I buy SwiftStack storage, generally. Actually, that's all I've bought in the past two years. Primary storage stays pretty constant. I've actually reduced the amount of primary storage by 20 terabytes over the past two months. That's really how we're trying to do our storage. We'll buy SwiftStack and reduce the amount of primary storage, the amount we keep up at our primary level, and just buy the archive storage. Honestly, 70 to 80 percent of the storage we have is unstructured data that we don't need to access more than once or twice a year.
We do not currently use the 1space feature. That is on my roadmap to get deployed. We really don't have a big "cloud strategy". We don't use off-prem storage. All of our storage is on-prem at the moment.
As for working with petabytes of data, most of the bottlenecks for ingest aren't at the SwiftStack layer, they're, generally at the application layer, or depend on the method you're using to ingest it and how threaded it is. Going back to the example of our backup software, where I see the metrics all the time, at a rate of 2 TB an hour, I'm really CPU-bound by the systems that are pushing the data into SwiftStack. If I had more nodes to send data into SwiftStack... It's not a SwiftStack bottleneck. It's on the end-user space or in computation on the client side more than the SwiftStack side.
I don't think SwiftStack has enabled us to store more data than we did before. The reason is that part of the license that you get is the deduplication part. In our backup target, we deduplicate the data or it goes into the object store. In that regard, it's probably a wash. For the archive data, there's no deduplication, but the idea is that the cost is so low that it's also a wash, or we come out a little better. Would it allow you to store more? I'd say it's break-even. At the end of the day, it's cheaper so I can add storage. The cost of putting storage there, even with the larger amount going into it, is still cheaper than our enterprise storage. You're really bound by either drive capacity or data center space.

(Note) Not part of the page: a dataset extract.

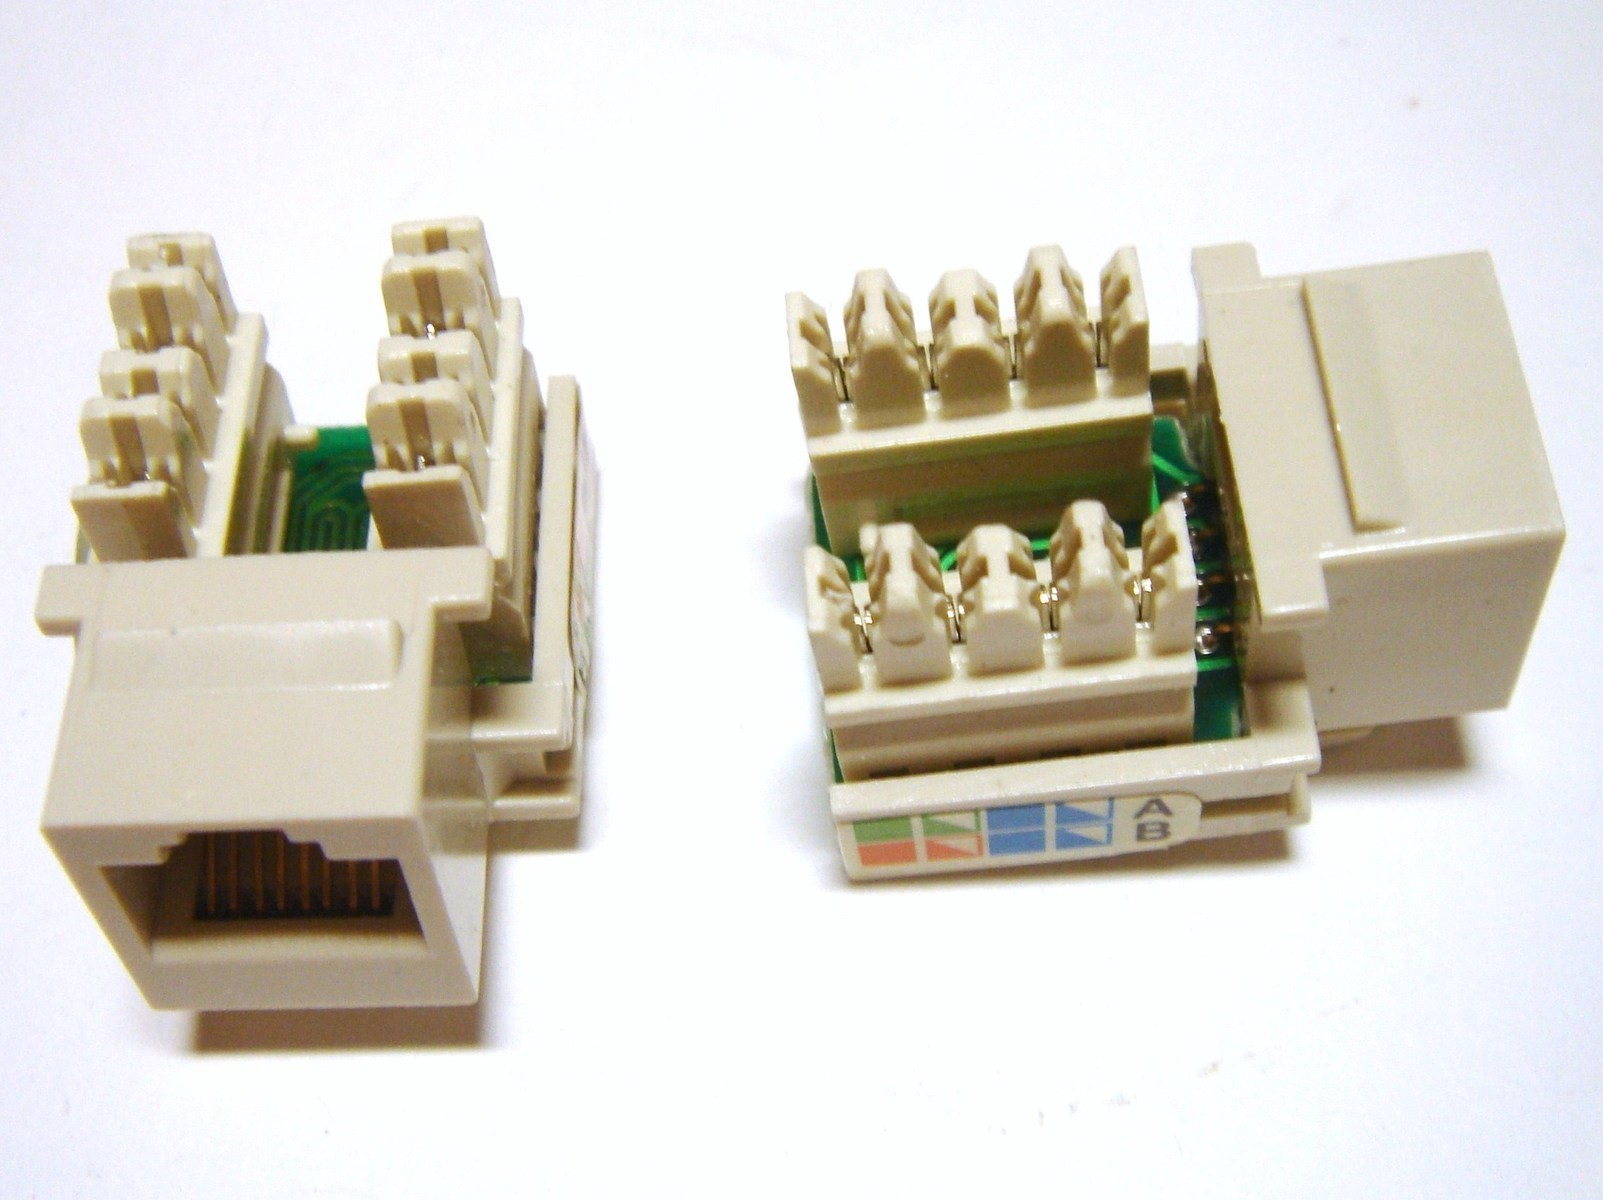 Arvuti pistikupesa RJ45, A-lan

Initially, in my test environment, I used some older servers that we had kicking around which we were in the process of retiring. Those particular servers - it sounds silly - really weren't conducive to SwiftStack because they had a lot of features that actually prohibited easy maintenance. You really do want no RAID controllers or anything else. We quickly learned that the least expensive servers were absolutely the best servers to have for SwiftStack. During the first month or so, we used old hardware that we had kicking around. Then, when we decided that this is definitely something we want to pursue, we bought enough for what would be all on-premises, all on a single site, and then we deployed production in that. Later, we got out disaster recovery facility and we literally moved one set of nodes to our DR site. That all happened transparently to end users. It just worked. They didn't notice anything going on during that time.
We have about ten physical users of the solution. The video editing guys are big users because we wanted to get their data archived first since they're the biggest utilizers of our enterprise storage. Our marketing department has a huge amount of digital assets: catalog images, web images. Those are probably the two biggest. Then, our IT, because of the backup target, as we do all of the protection of our enterprise system as well, with Oracle Databases.